Ninguém o havia respondido. Fui o primeiro a ousar fazê-lo, já que ficara no mínimo intrigado pela assertiva do usuário “rockmarcos”. Surpreendentemente, em questão de minutos fui respondido e dentro em breve aprendi que “rockmarcos” era, de fato, Marcos Andrada, que havia gravado “Filme da alma”, um de meus álbuns prediletos. Nos dias subsequentes o tópico ganhou tração, e logo pessoas de várias idades e nacionalidades entraram na discussão, lamentando os rumos aos quais tudo parecia se encaminhar. (Hoje vejo que éramos felizes e não o sabíamos…)
Depois de algum tempo Andrada sugeriu que todos nos juntássemos a fim de gravar algo – a compilação suprema de todos os outsiders. Aqueles ousados o suficiente poderiam vir visitá-lo em sua residência em São Paulo, e trabalharíamos em algo pelos próximos meses. Logo a casa de meu amigo se tornara uma colônia de músicos talentosos e desajustados, e trabalhamos no álbum no estúdio de Marcos Oliveira, na Avenida Rebouças.
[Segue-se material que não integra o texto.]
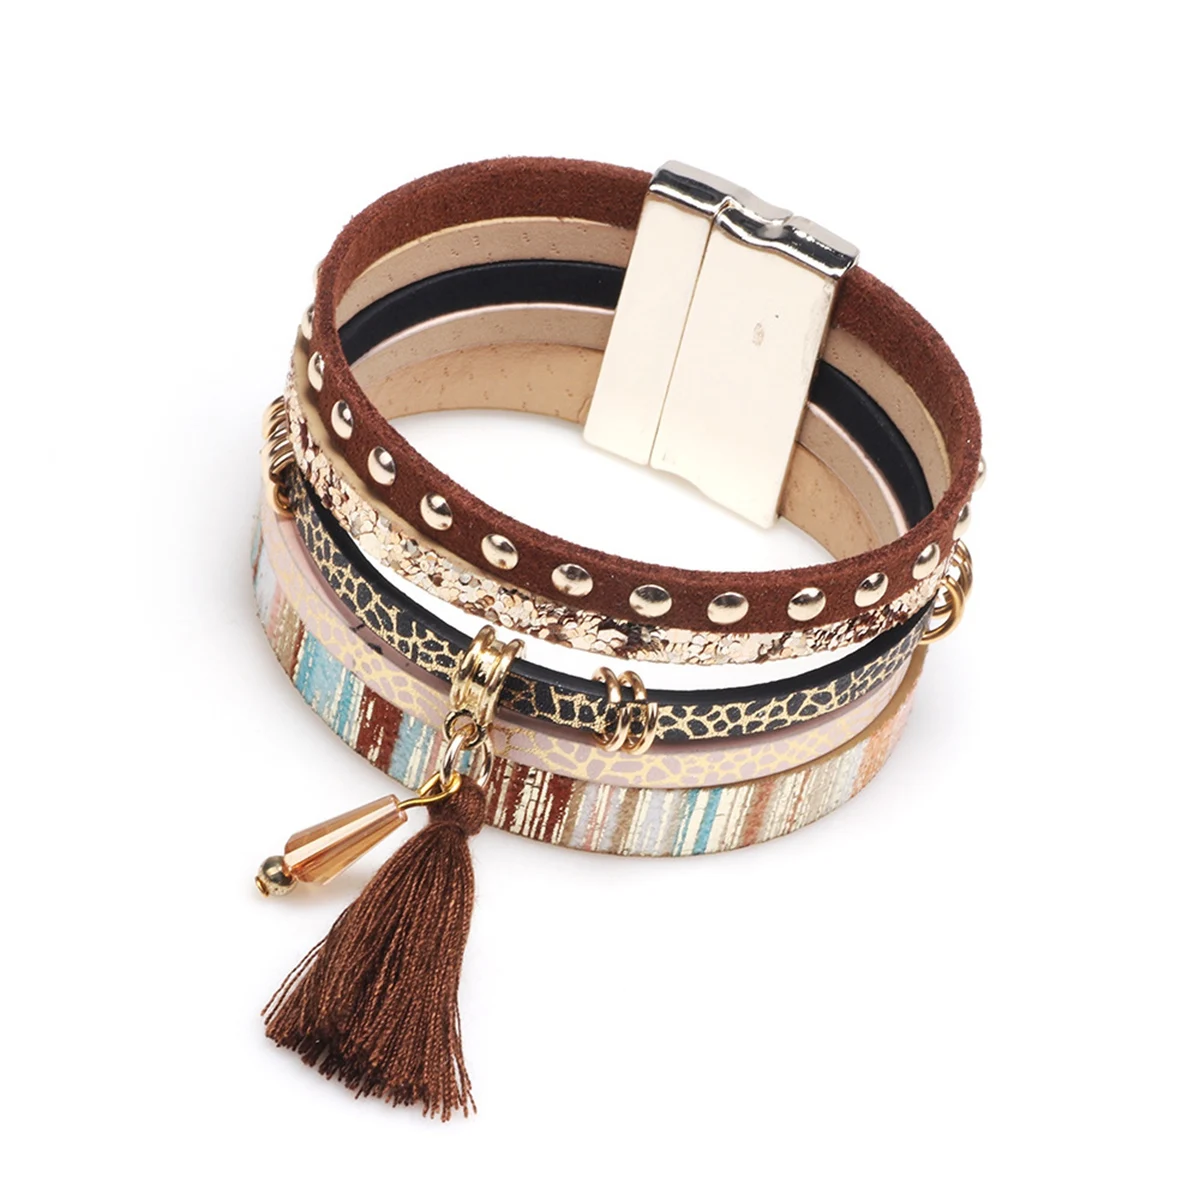 

Bohemia Women Leather Wrap Cuff Bracelet Natural Stone Druzy Multi Rope Tenns Bangle Magnetic Clasp Handmade Jewelry Girl

Com exceção do próprio Andrada, infelizmente todos nós viemos a perder contato com o passar dos anos, mas segue sendo um grande motivo de orgulho para mim ter trabalhado com tantas mentes talentosas e criativas. Segue também sendo deveras complicado fazer rock – não só no Brasil, mas no mundo todo; talvez até mesmo em nosso místico refúgio, o Curdistão…! Acho que se tivéssemos o grande prazer de nos unirmos novamente, faremos um álbum de música venusiana. Quem sabe o melhor e o pior do rock de Vênus nos traria fama de algum ponto do Universo tão distante…!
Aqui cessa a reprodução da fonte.